### REQUIRED ACTION
Your copy should contain exactly the lines from the one that holds "BOSS x NFL long-sleeved" through the end of the material, reproduced as written, with no pictures.

### DATA SECTION
● ● ●
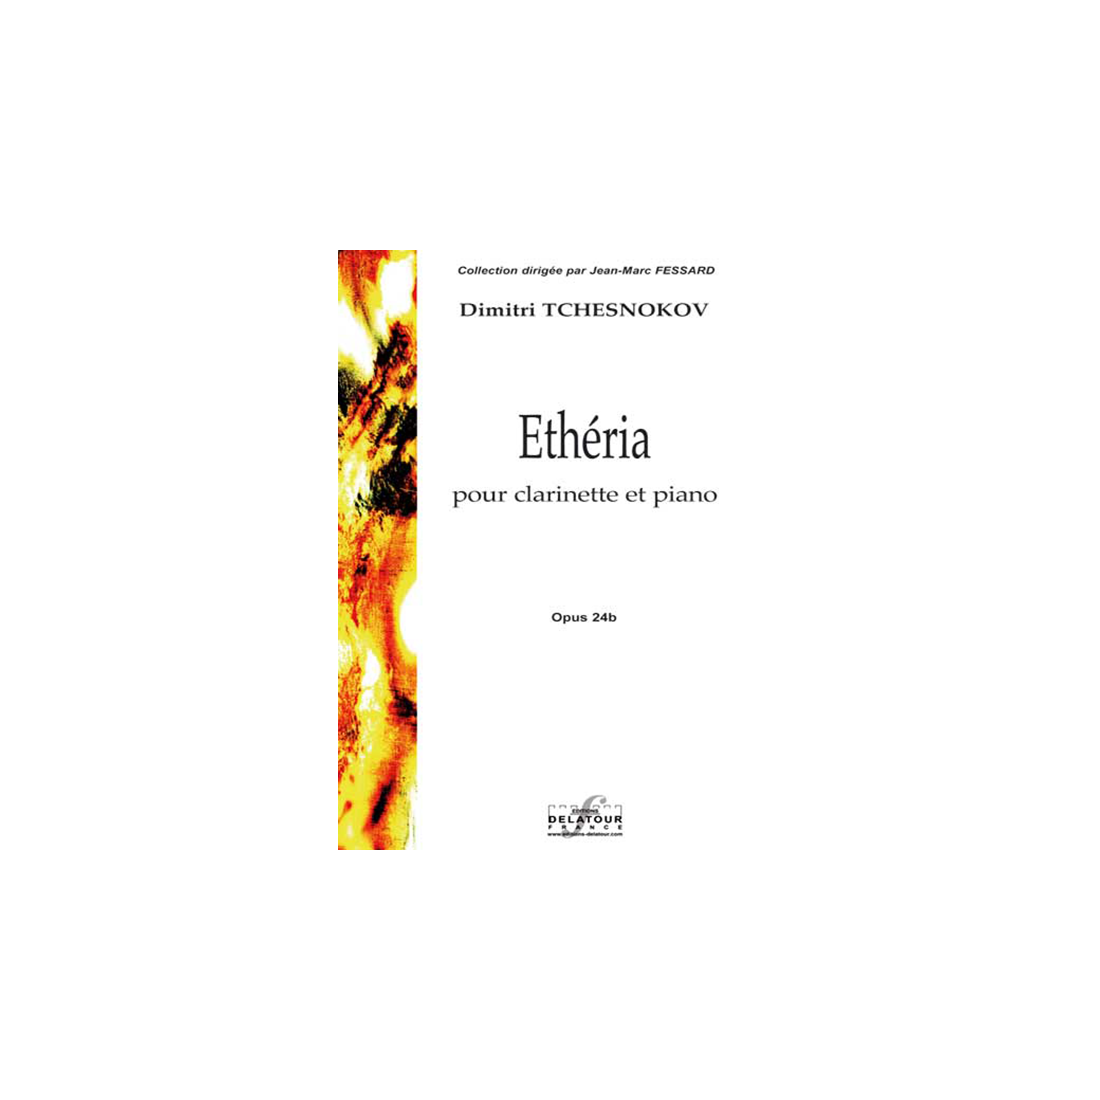 Ethéria for clarinet and piano
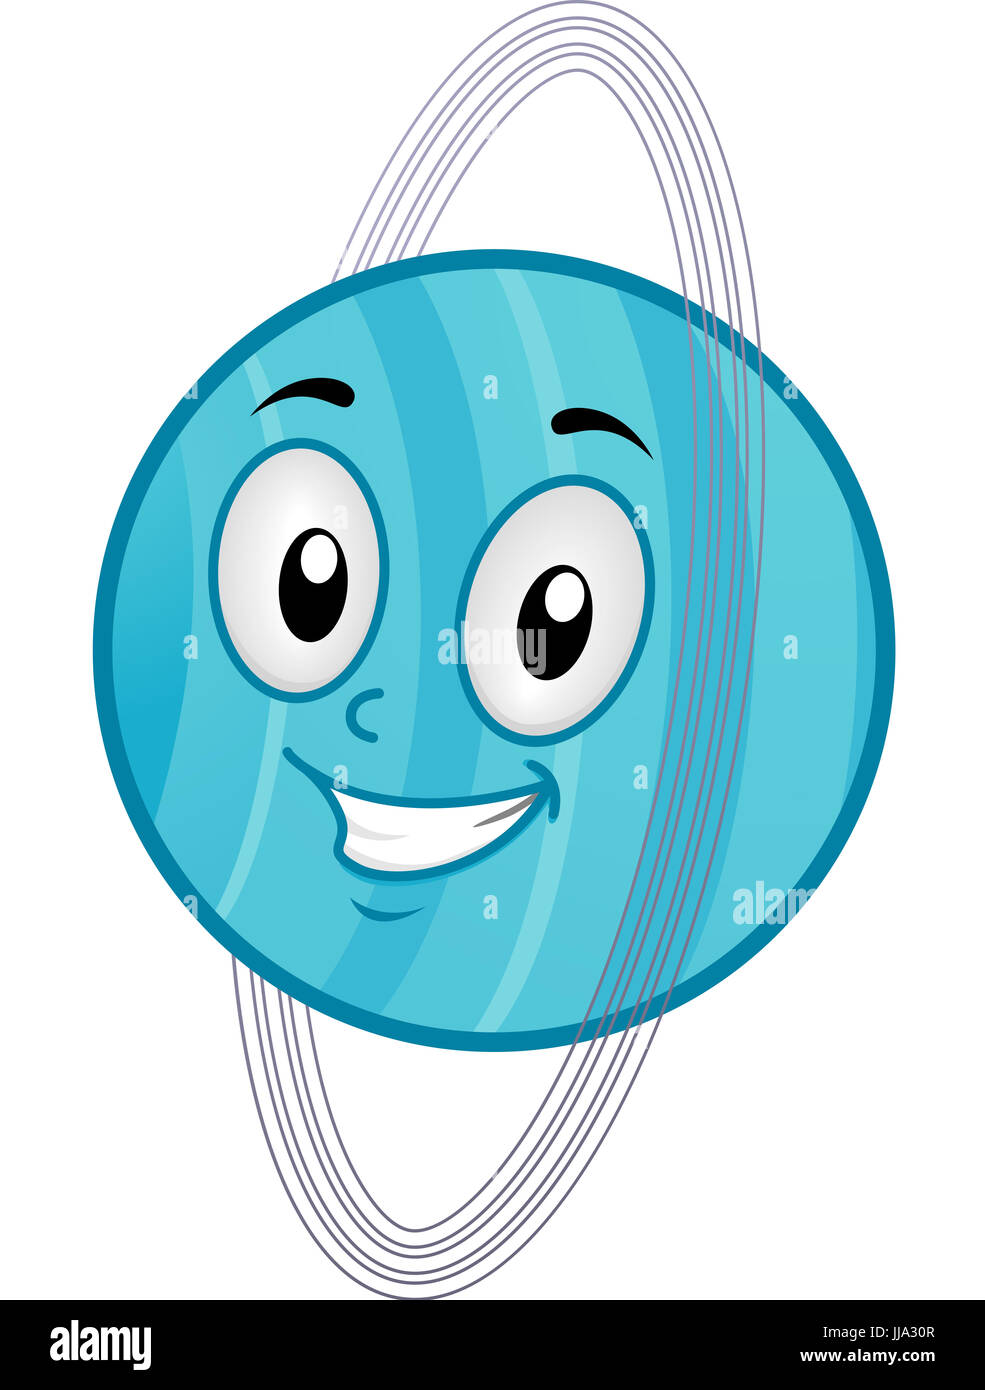 Illustration of a Uranus Mascot Featuring a Smiling Blue Planet Surrounded by Giant Rings Stock Photo
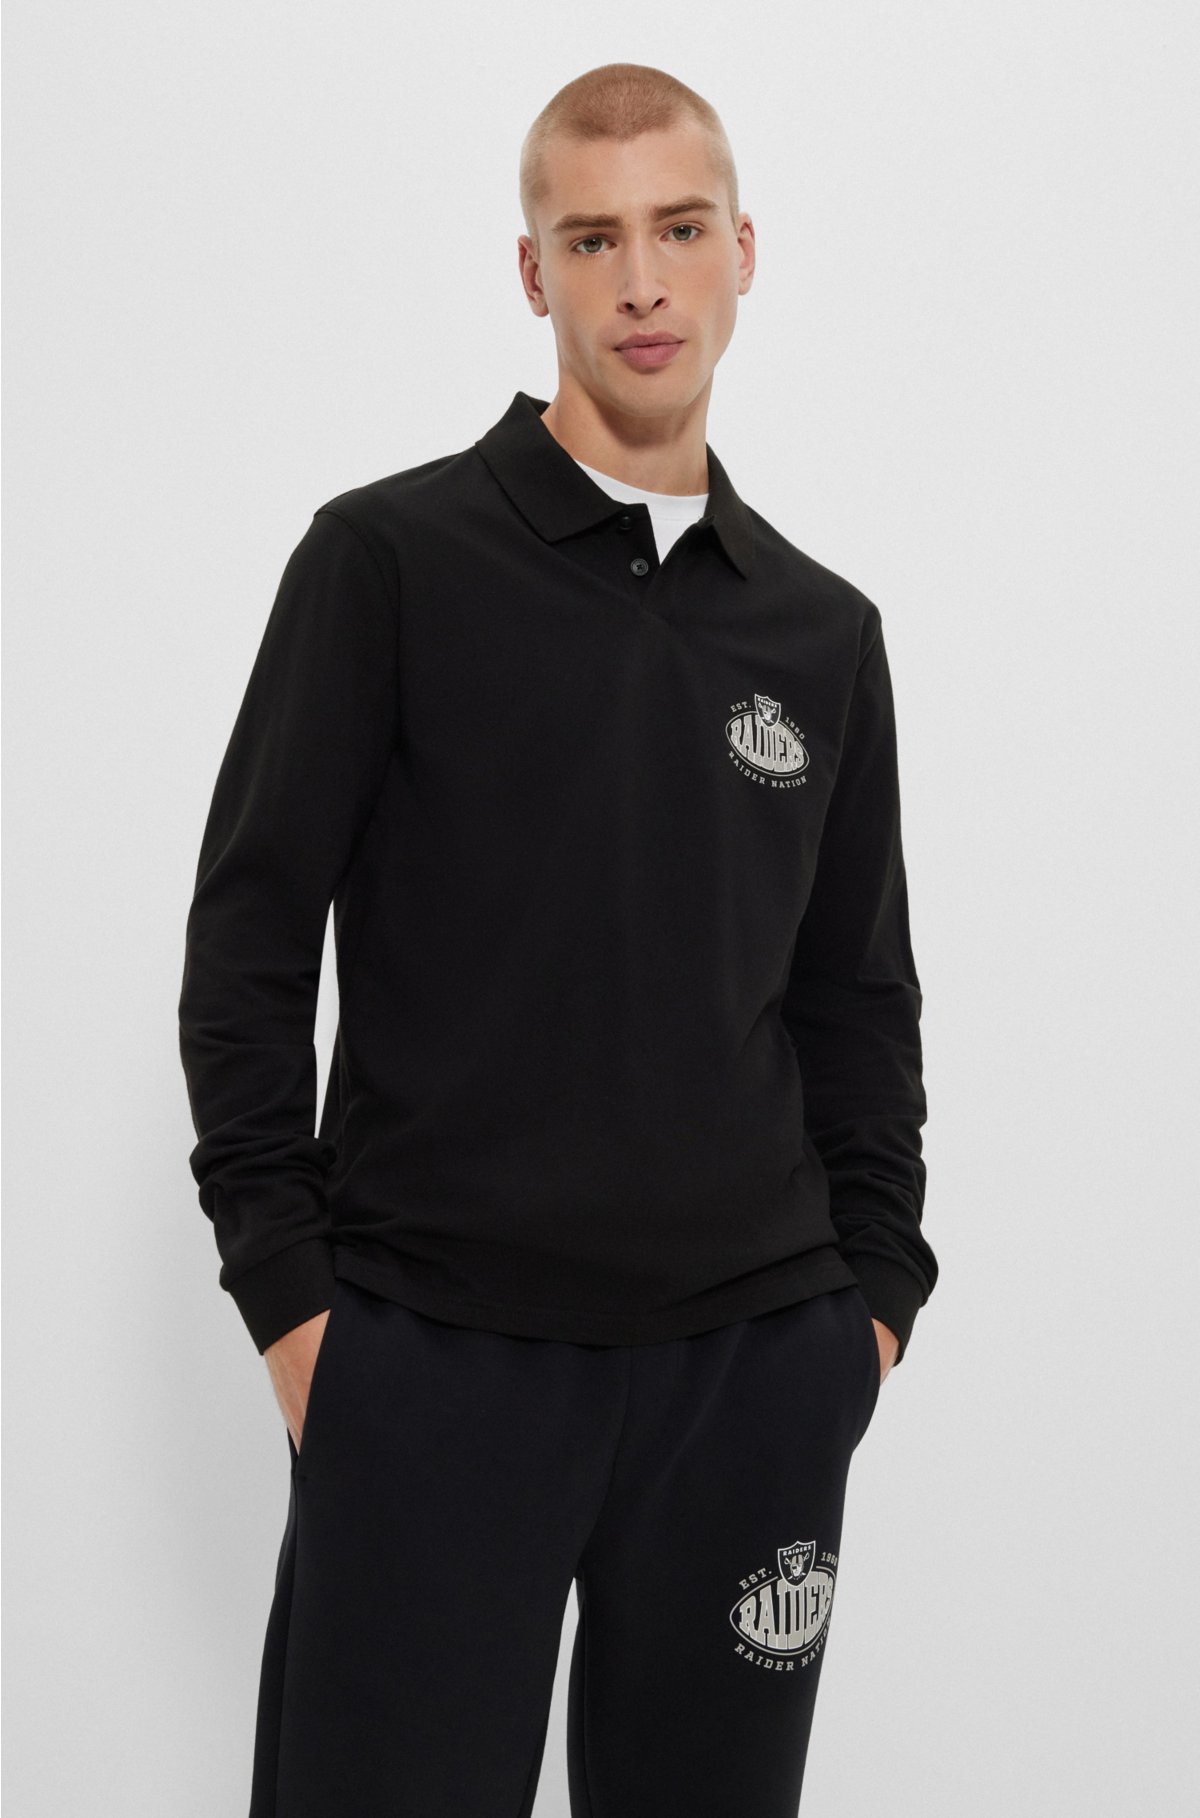 BOSS x NFL long-sleeved polo shirt with collaborative branding, Raiders
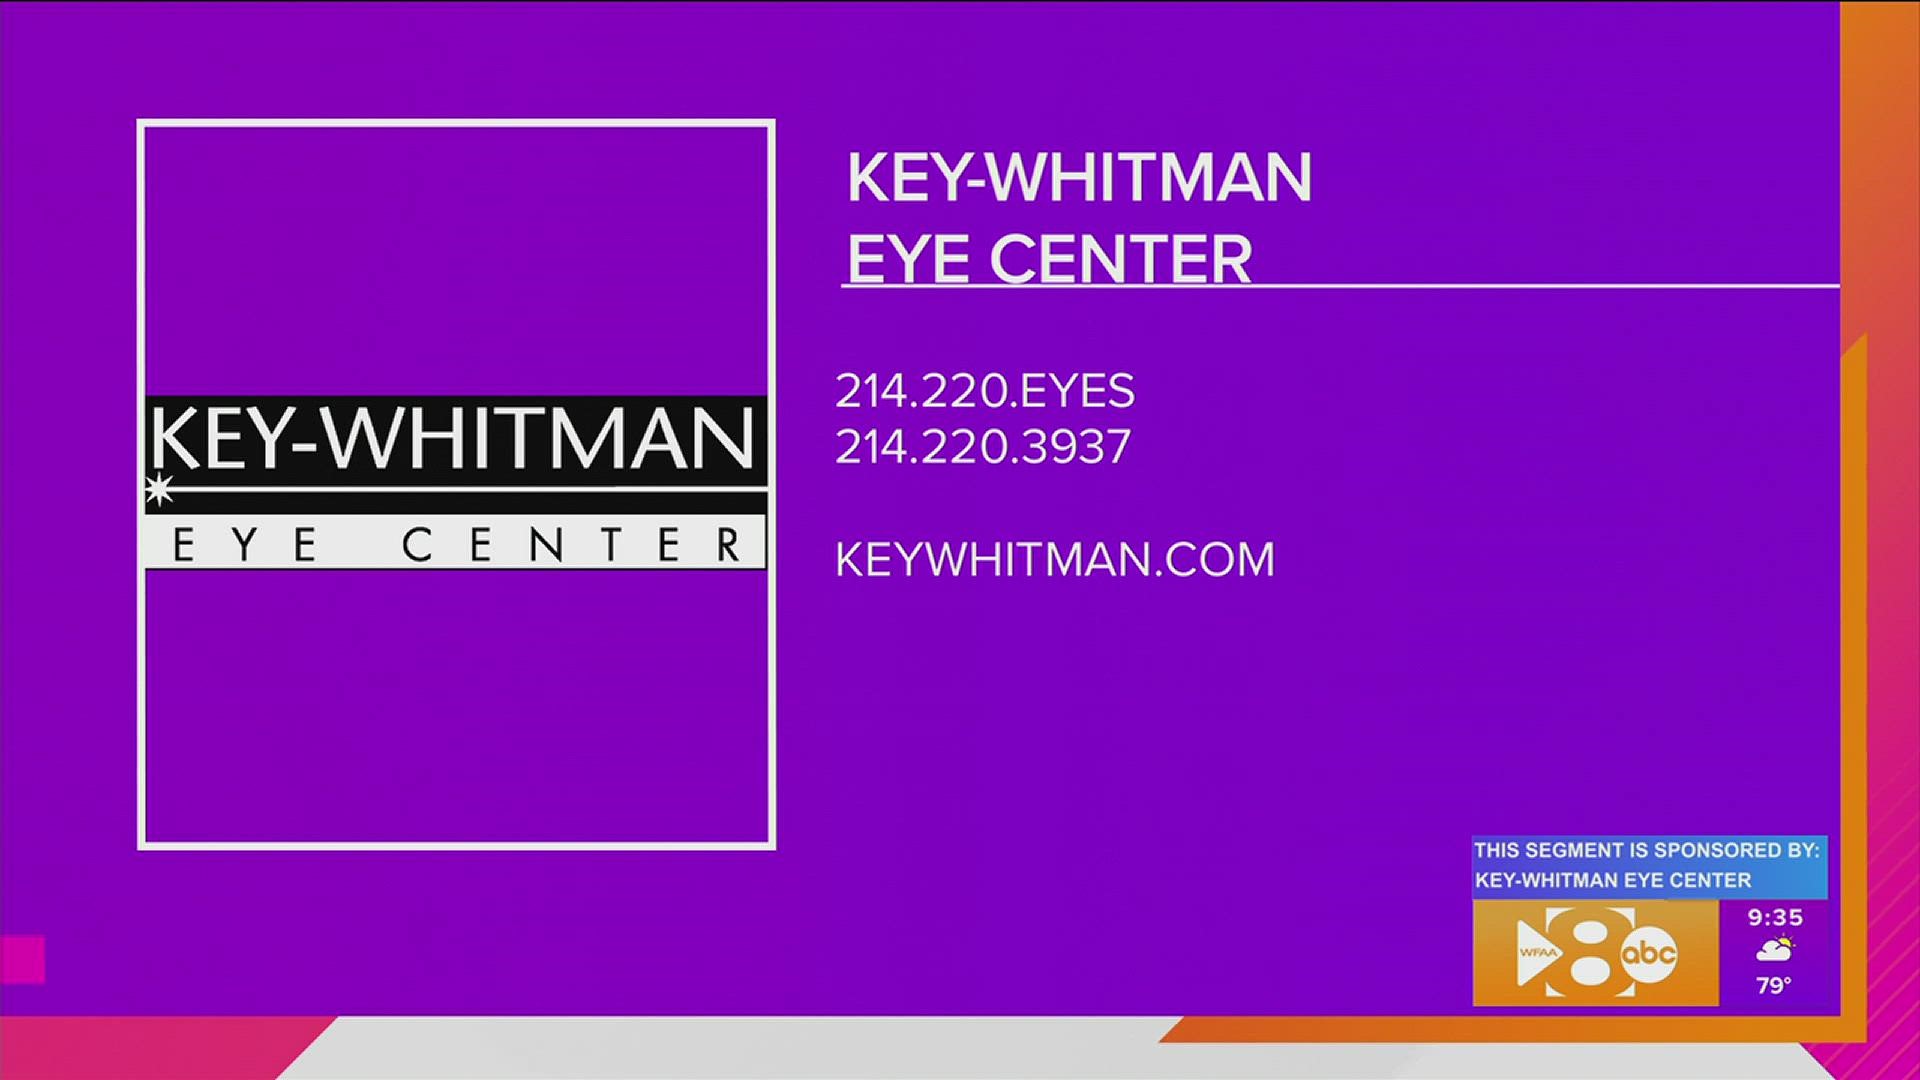 This segment sponsored by: Key Whitman. Call them at 214.220.3937 or check their website keywhitman.com for more information about their services.
● ● ●
### REPLY TO THE TASK
 BOSS x NFL long-sleeved polo shirt with collaborative branding, Raiders
 This segment sponsored by: Key Whitman. Call them at 214.220.3937 or check their website keywhitman.com for more information about their services.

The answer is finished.